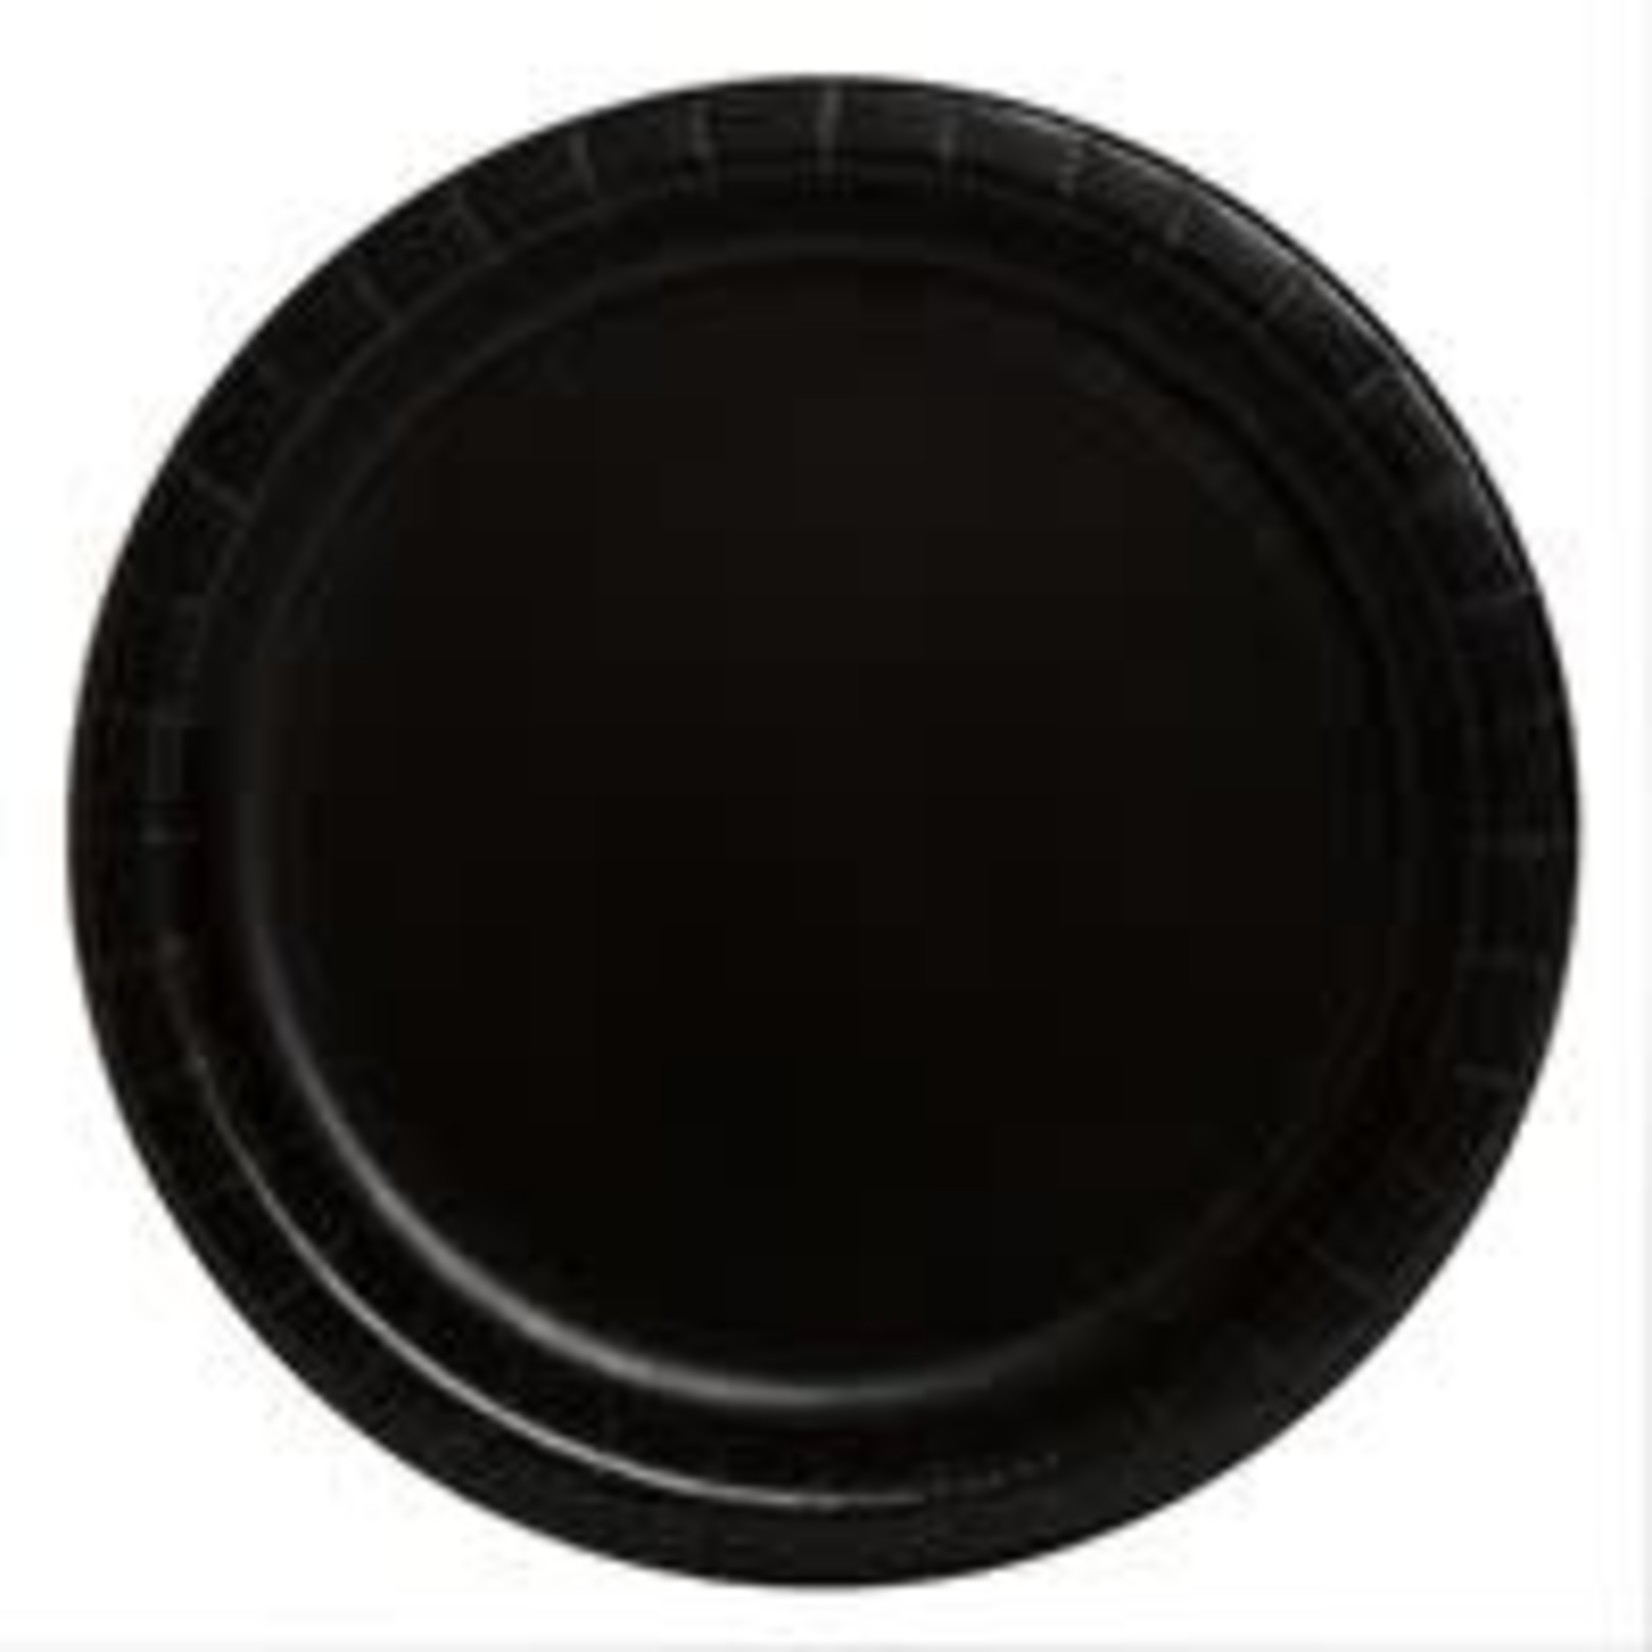 Black Solid Round 7" Dessert Plates 20
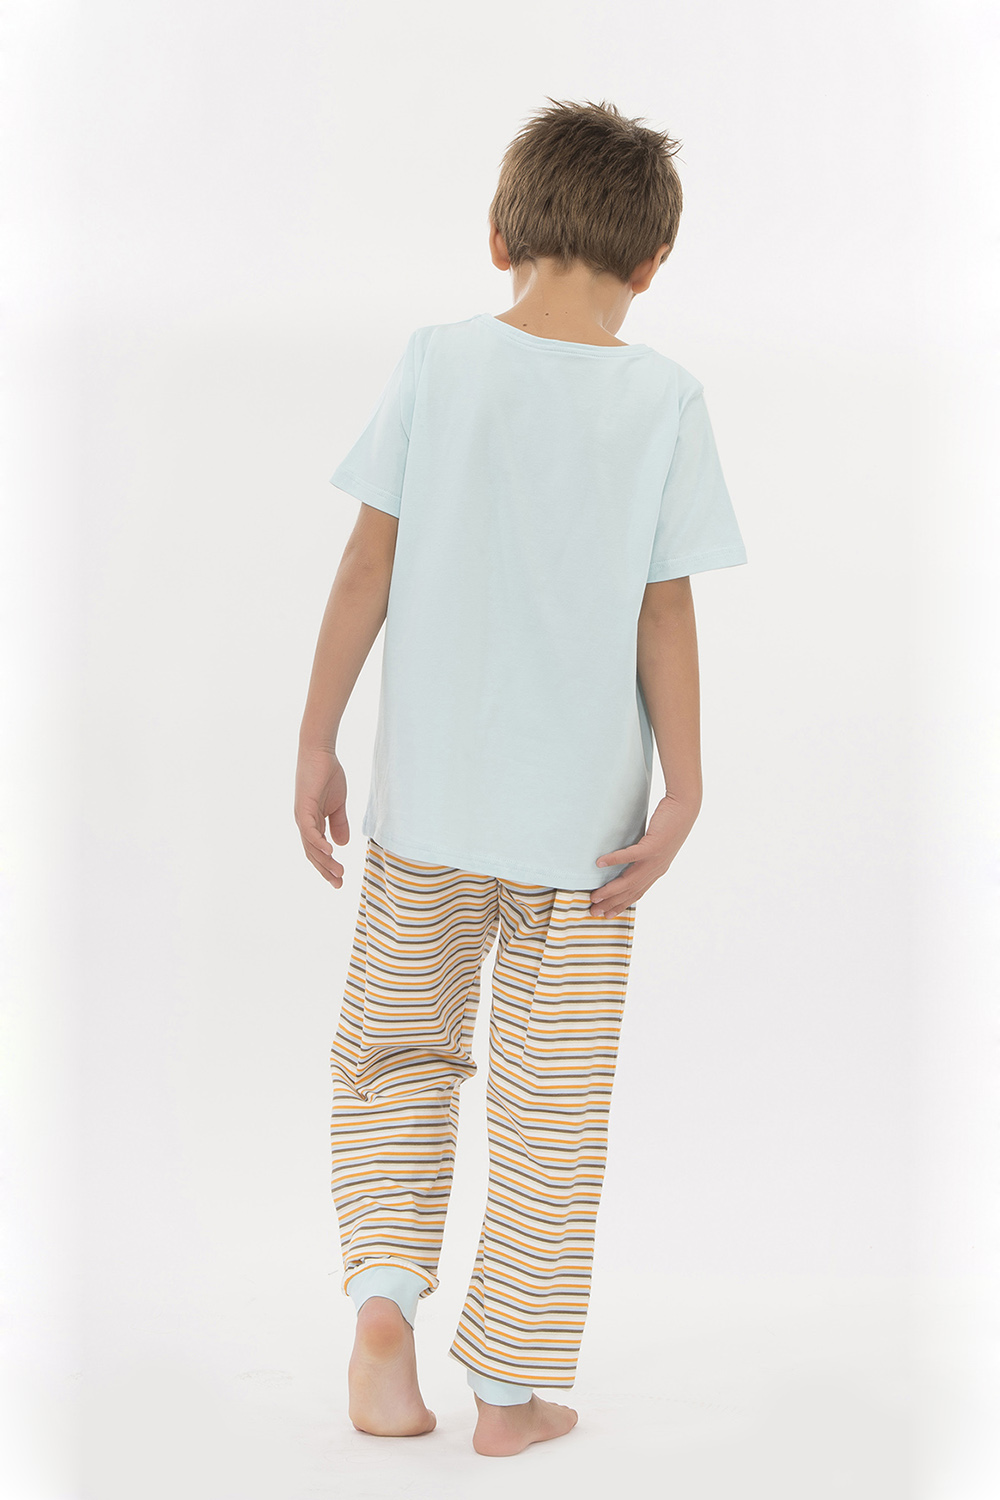 Hays Kids Penye Erkek Çocuk Kısa Kol Alt Uzun Pijama Takımı
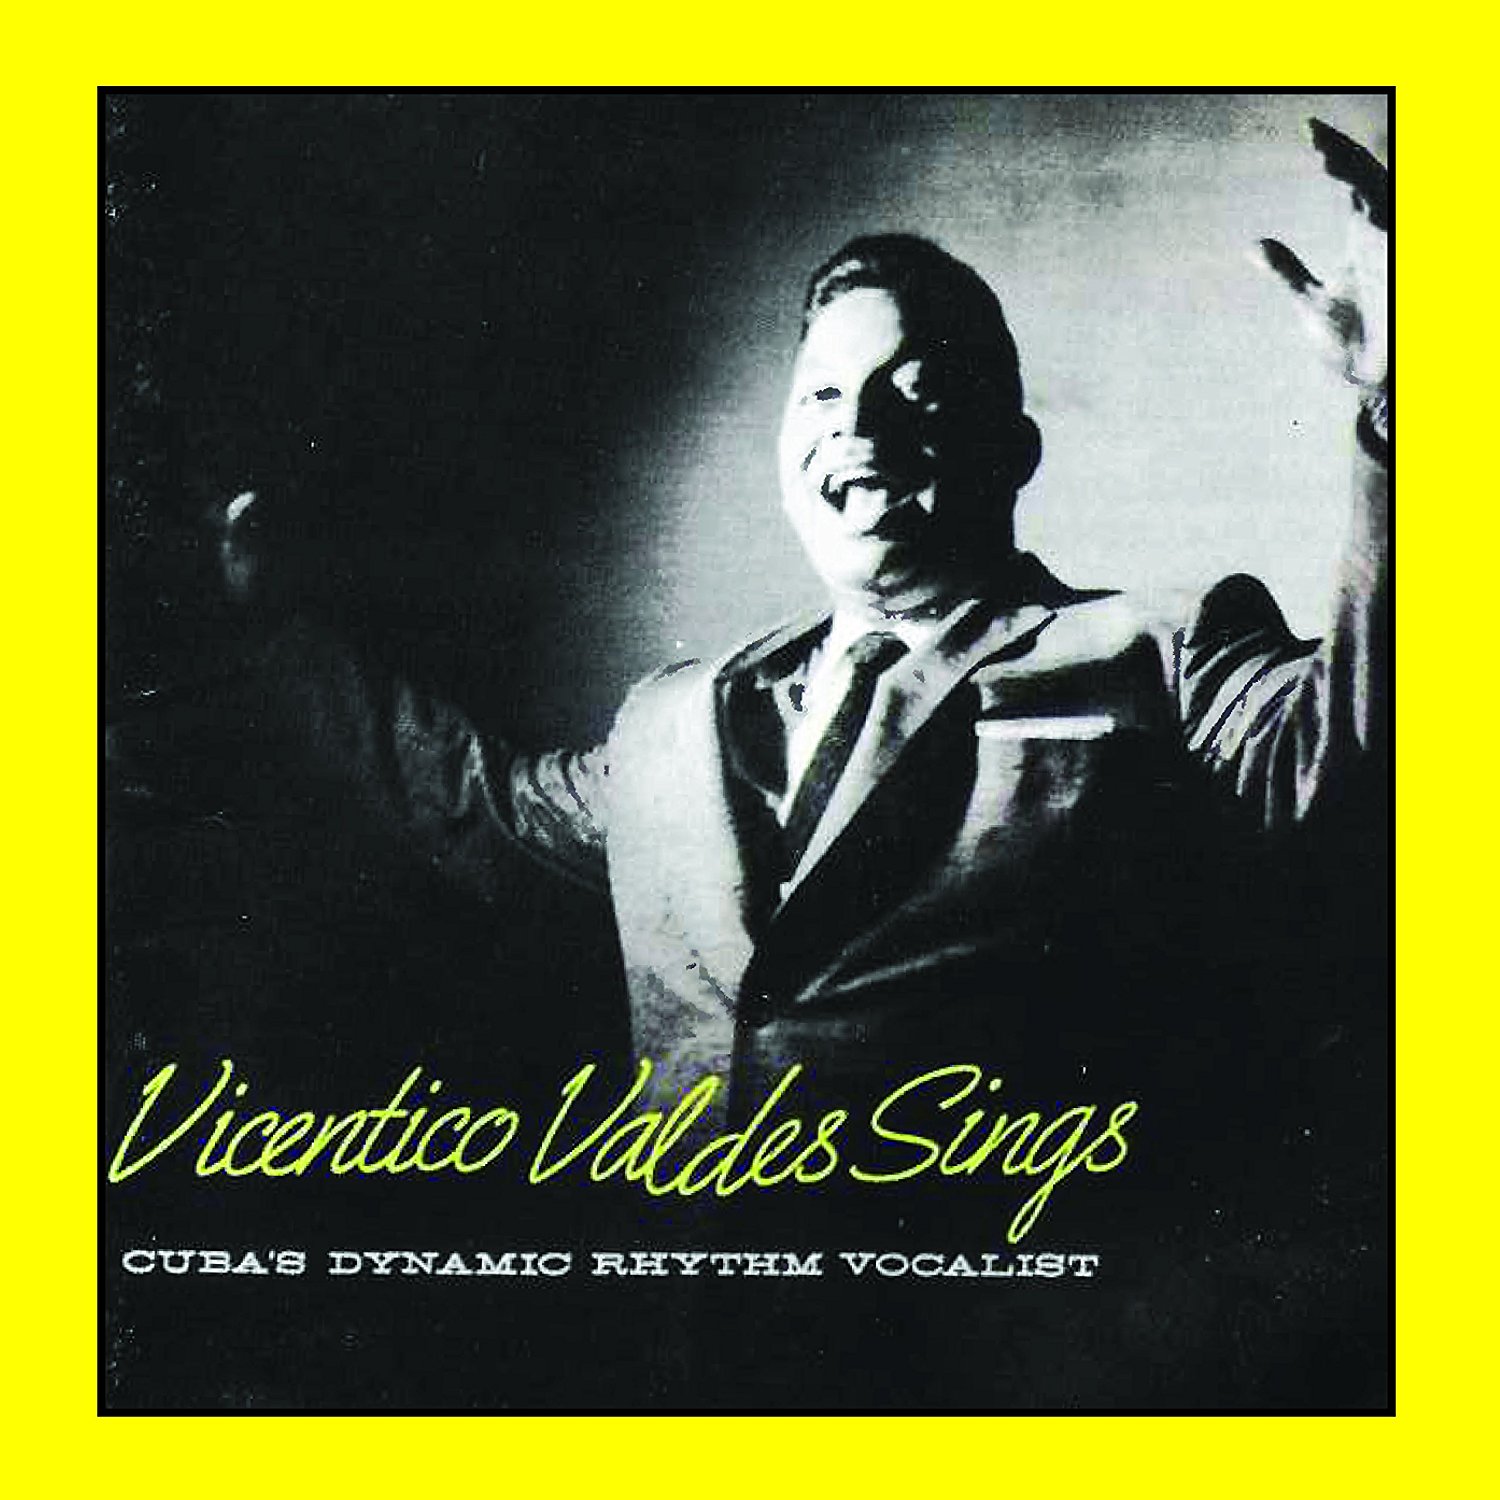 VICENTICO VALDES / ビセンティコ・バルデス / VICENTICO VALDES SINGS

* _EXERCISE OBJECTIVE_
Copy the listing above verbatim, leaving out pictures.

* _SOLVED PROBLEM_
 Black Solid Round 7" Dessert Plates 20
 Hays Kids Penye Erkek Çocuk Kısa Kol Alt Uzun Pijama Takımı
 VICENTICO VALDES / ビセンティコ・バルデス / VICENTICO VALDES SINGS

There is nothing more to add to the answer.